Students either know or suspect this sort of thing exists. What they don’t know or suspect is schools might pull a bait-and-switch. For example, the University of Connecticut told Pamela Swanigan, a biracial student accepted into a doctorate program, that she’d received the prestigious, merit-based Vice Provost’s Award for Excellence scholarship for being the top applicant.
Two years later, Swanigan considered getting an off-campus job. When she tried to confirm she’d be allow to do this and still receive the money, she found out she’d been receiving the Multicultural Scholars Program. Swanigan also learned that the Vice Provost’s Award for Excellence hadn’t existed when the school said she’d won it. Although the school said she could work off-campus and continue receiving the Vice Provost’s award, she could not do so under the less-prestigious, “increasing diversity” scholarship.

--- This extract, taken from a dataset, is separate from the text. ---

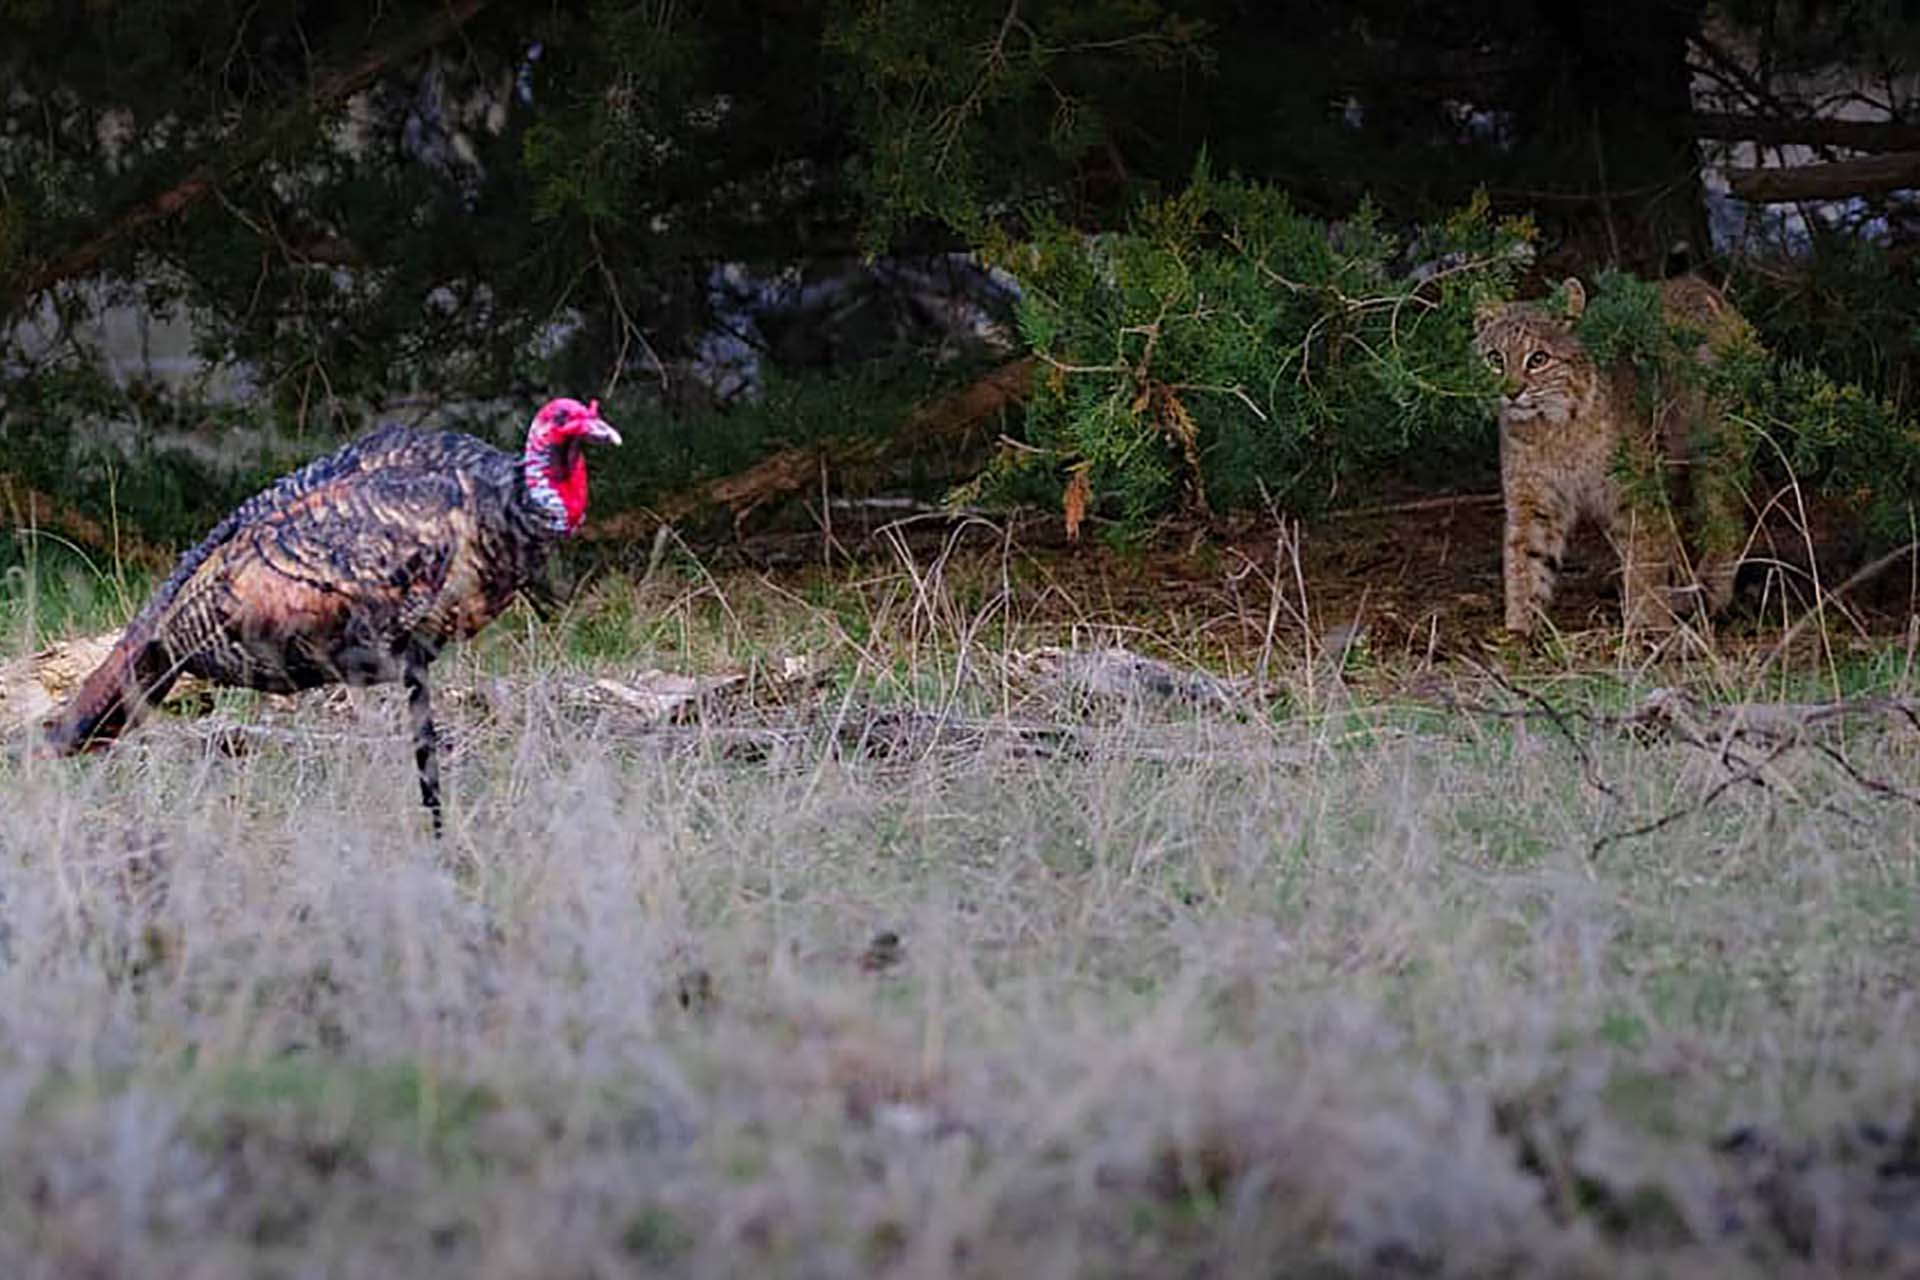 If Jake Purrfect's realism can fool one of the most wary creatures on earth, you can bet it'll fool a hot tom turkey.

The school not only lied to Swanigan, it routed her into a race-based scholarship without giving her the opportunity to say yea or nay. Swanigan sued the school, challenging the use of race-based awards. The Center for Individuals Rights (CIR) represents her.
“This is about more than one applicant’s experience at UConn,” said Terence Pell, president of CIR. “Many top universities offer diversity scholarships which are awarded on the basis of race. While the Supreme Court has said that race may be a plus factor in admissions decisions, it has never said race can be the basis for scholarship awards once an applicant has been admitted. A scholarship awarded on the basis of race inevitably stigmatizes talented minority applicants, who come to be recognized for their race rather than their considerable academic achievements.”
As if racial preferences weren’t bad enough, the school withheld its intent to label Swanigan to pursue its own ends.
“My goal is to ensure that students are treated as individuals regardless of race and regardless of other efforts to promote racial diversity,” she said. “I wanted — and still want — to compete on the basis of my academic abilities just like any other student.”